= The problem =
Your task is to copy the stretch of lines in the records below that begins with the line containing "Happy Birthday Card" and ends with the line containing "Map displays CoStar", exactly as written, with nothing added.

= Data provided =
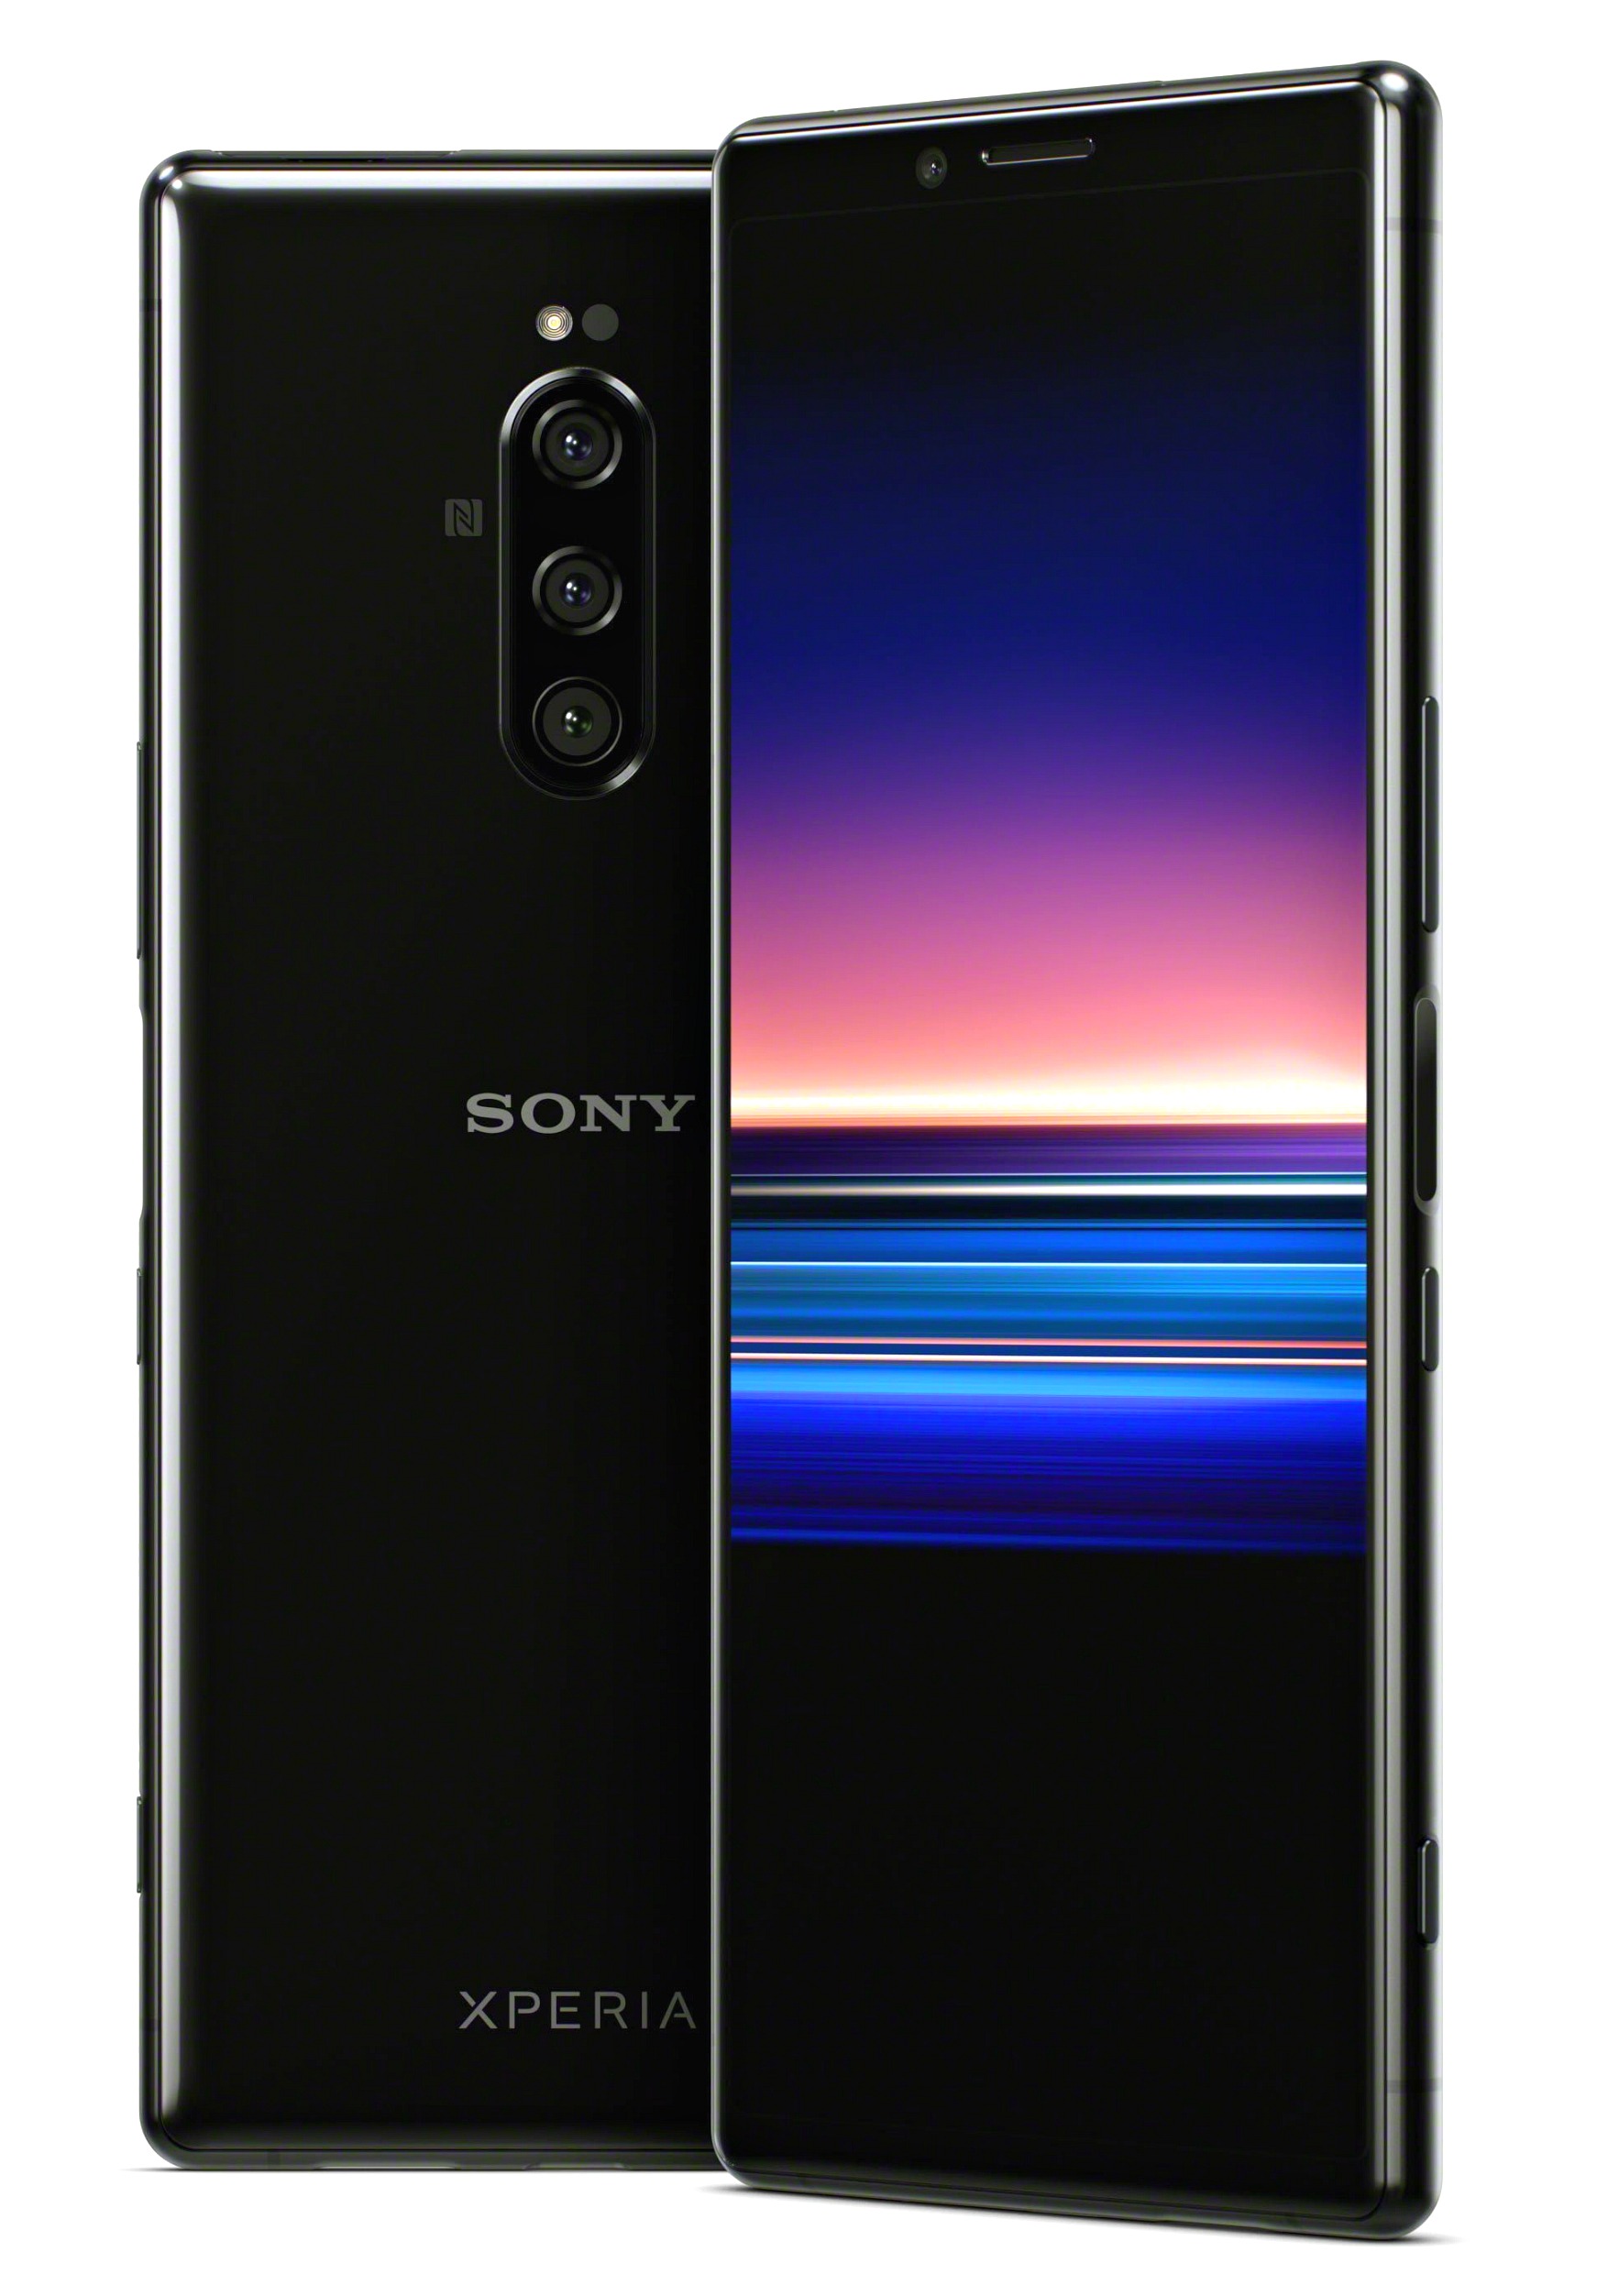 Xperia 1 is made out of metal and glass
--
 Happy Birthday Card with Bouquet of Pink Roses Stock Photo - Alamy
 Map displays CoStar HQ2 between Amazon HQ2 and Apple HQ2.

= Problem solution =
 Happy Birthday Card with Bouquet of Pink Roses Stock Photo - Alamy
 Map displays CoStar HQ2 between Amazon HQ2 and Apple HQ2.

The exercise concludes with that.